ПРОБЛЕМА. Имеются проблемы и при квалификации привилегированных видов убийств. Так, убийство матерью новорожденного ребенка (ст. 106 УК) отнесено к категории привилегированных составов. Что послужило основанием для такой оценки: исторические традиции или иные соображения? Думается, что причинами, побудившими законодателя пойти на этот шаг, были не отголоски далекого прошлого, когда родитель рассматривался как обладатель некоего «преимущественного» права распоряжаться жизнью своего ребенка, а современные познания в области медицины, согласно которым процесс деторождения есть мощный стресс-фактор, оказывающий столь сильное воздействие на психику роженицы, что она нередко утрачивает способность к адекватному поведению и уподобляется в такой ситуации человеку, действующему в состоянии аффекта. Основным криминообразующим фактором послужило, скорее всего, особое психофизиологическое состояние женщины, которое она испытывает в период родов, сразу же после них или в течение еще какого-то непродолжительного промежутка времени.

На эту мысль наводит и то обстоятельство, что современный российский законодатель довольно четко отграничивает понятие убийства новорожденного ребенка от детоубийства, которым широко оперировал законодатель дореволюционный. Ясно, что не любое детоубийство есть убийство новорожденного ребенка. Вопрос, следовательно, состоит лишь в том, чтобы определить ту черту, за которой умышленное лишение жизни появившегося на свет младенца (как привилегированный состав) превращается в обычное (простое или квалифицированное) убийство.

Между тем убийство новорожденного во время или сразу же после родов не связывается законодателем с каким-либо особым психологическим состоянием роженицы. Можно лишь предполагать, что законодатель имел в виду именно такое состояние матери-убийцы, но в диспозиции нормы свою мысль четко не выразил.

Неясность уголовного закона порождает ситуации, ставящие судебную практику в тупик.
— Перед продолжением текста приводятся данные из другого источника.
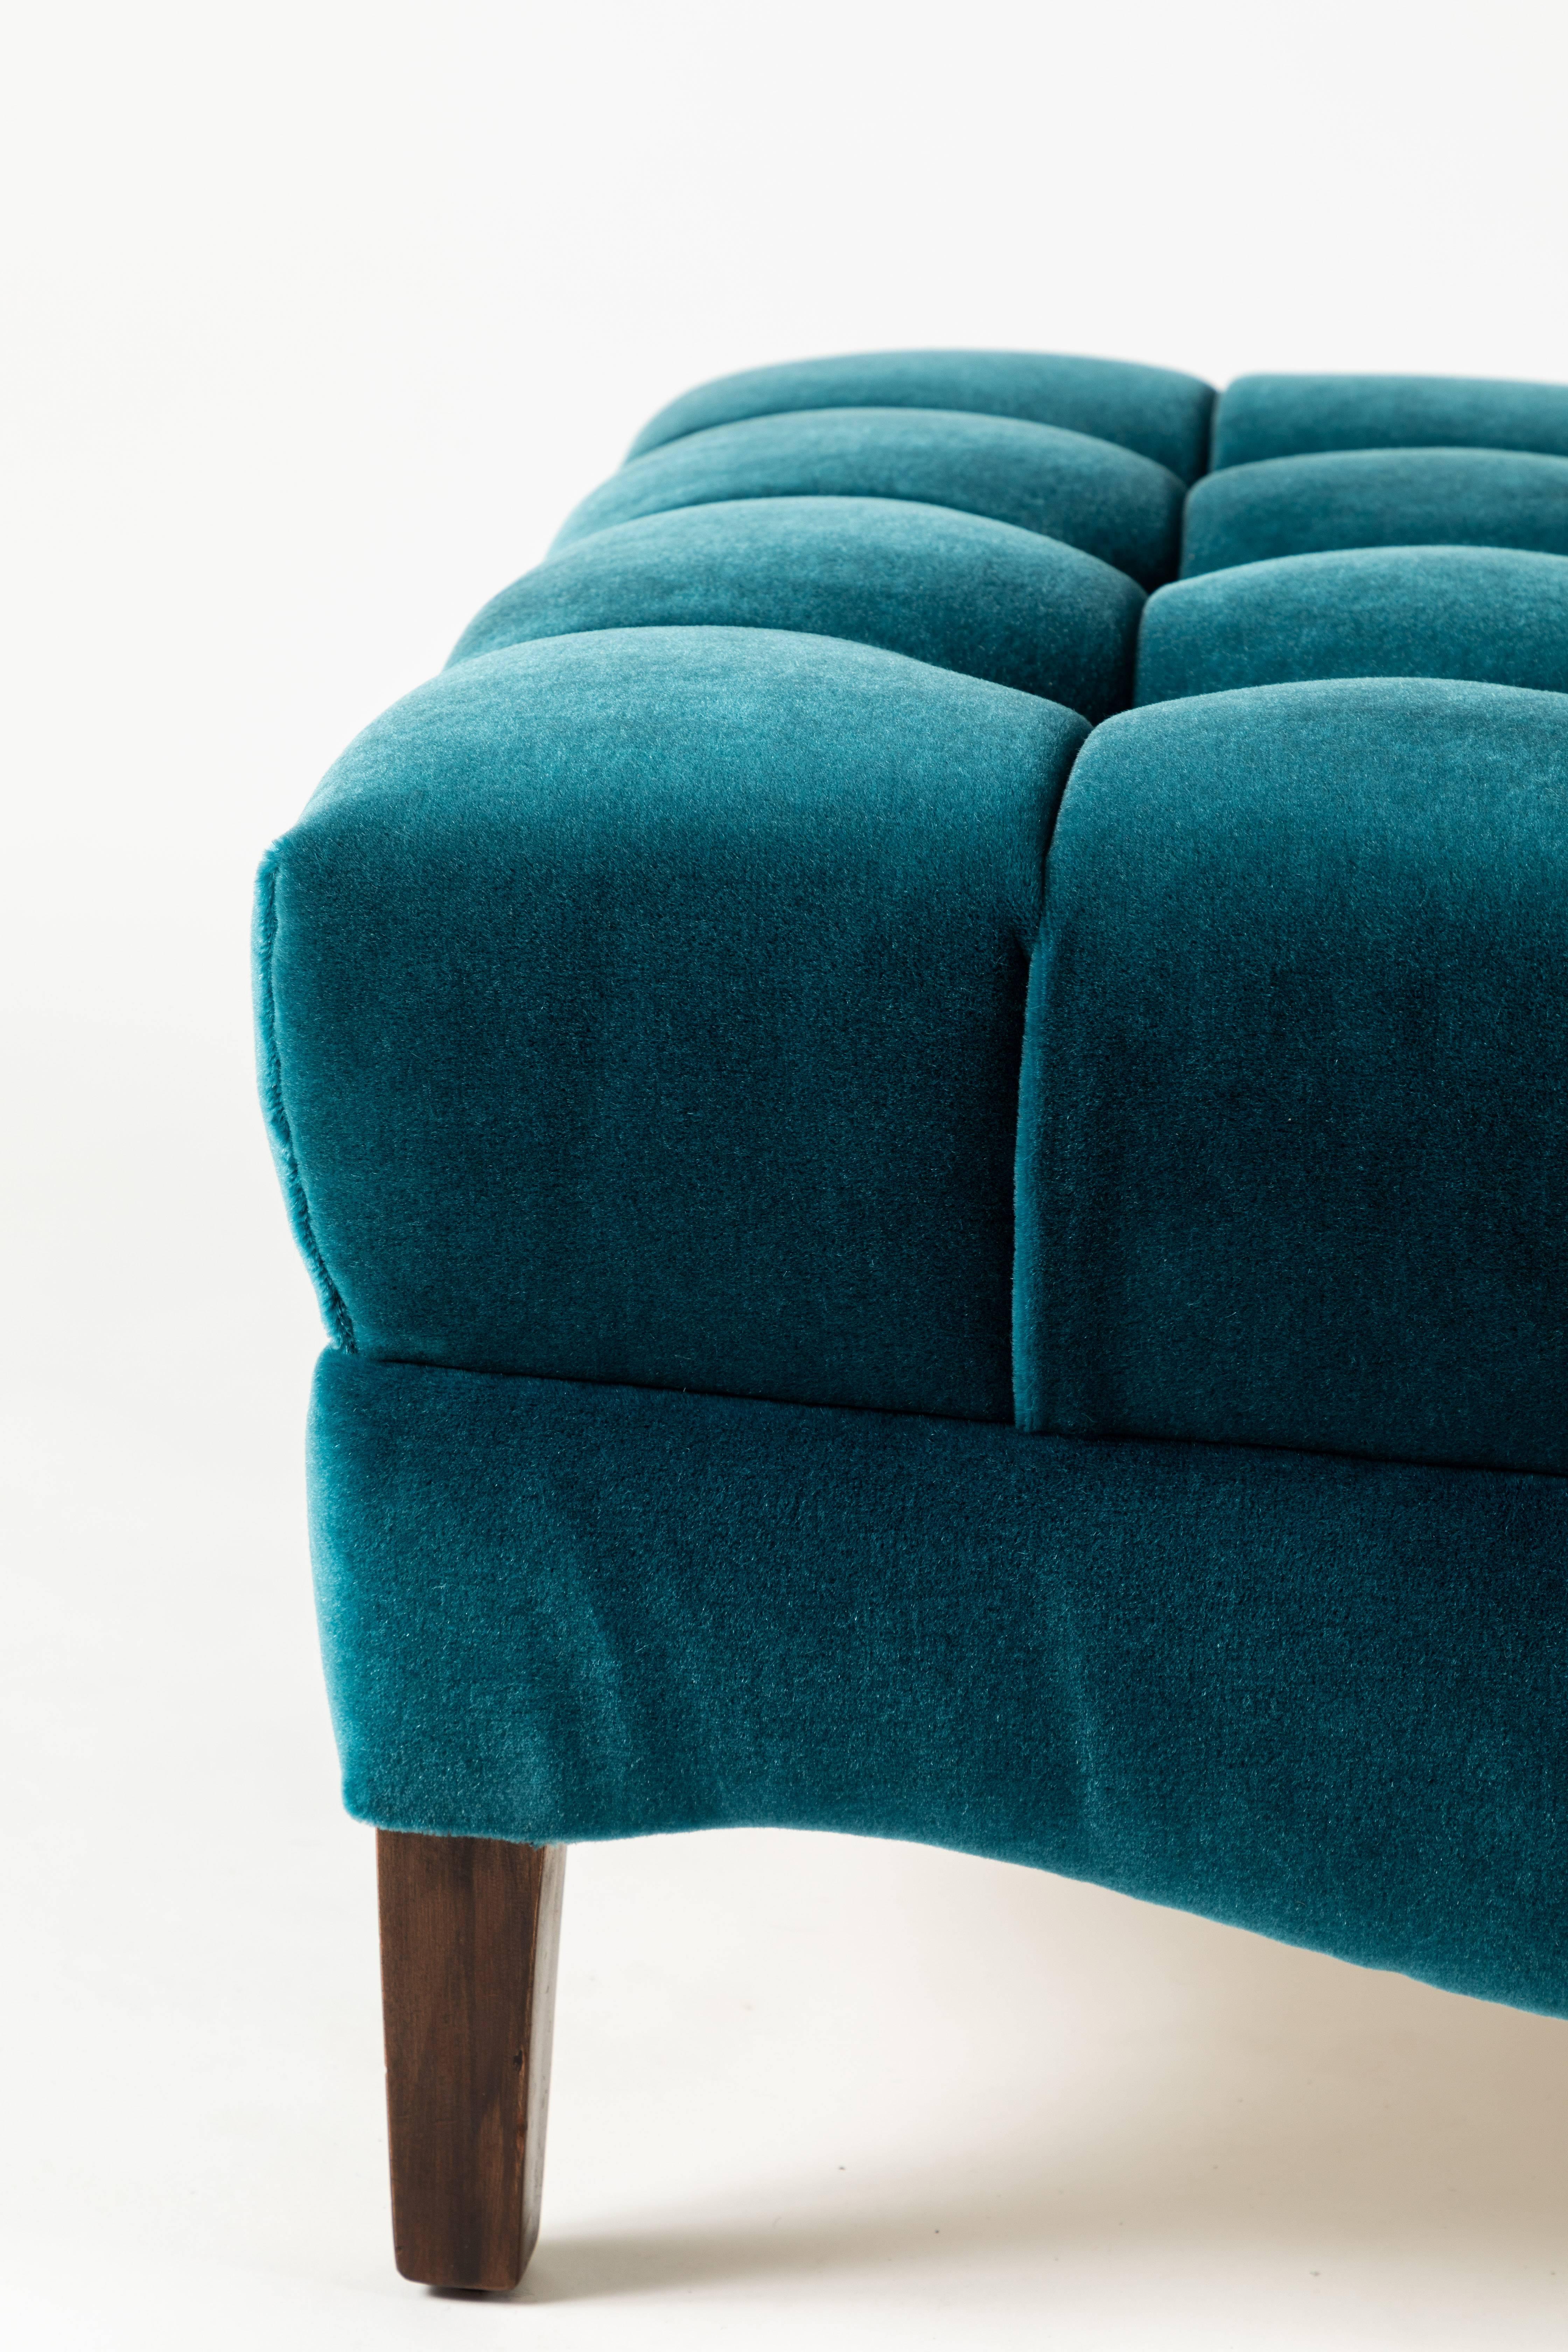 Mid-20th Century Pair of Biscuit-Tufted Slipper Chairs Covered in Teal Mohair

В самом деле, можно ли квалифицировать по ст. 106 УК заранее обдуманное убийство новорожденного сразу же после родов женщиной, неоднократно рожавшей до этого и не испытывающей особого психологического дискомфорта от подобной процедуры? По букве закона – да, по смыслу – нет.

Отдельные криминалисты в этой связи полагают, что при убийстве во время или сразу же после родов определенные отклонения в психологическом состоянии роженицы, влияющие на возможность осознания ею своего поведения и принятие решения, презюмируются законодателем, и эта презумпция объявляется неопровержимой. Поэтому, если в конкретном случае окажется, что роды прошли гладко и не вызвали сколько-нибудь заметных психических расстройств, но тем не менее мать по каким-либо соображениям убила ребенка во время или сразу же после родов, содеянное должно квалифицироваться не на общих основаниях («простое» убийство), а по ст. 106 УК. Нам же, напротив, представляется, что законодателю следовало бы откорректировать эту часть диспозиции нормы, увязав совершение данной разновидности преступления не только с моментом причинения смерти новорожденному, но и с особым психическим состоянием в этот момент его матери. Отсутствие такого состояния должно исключать ответственность по ст. 106 УК.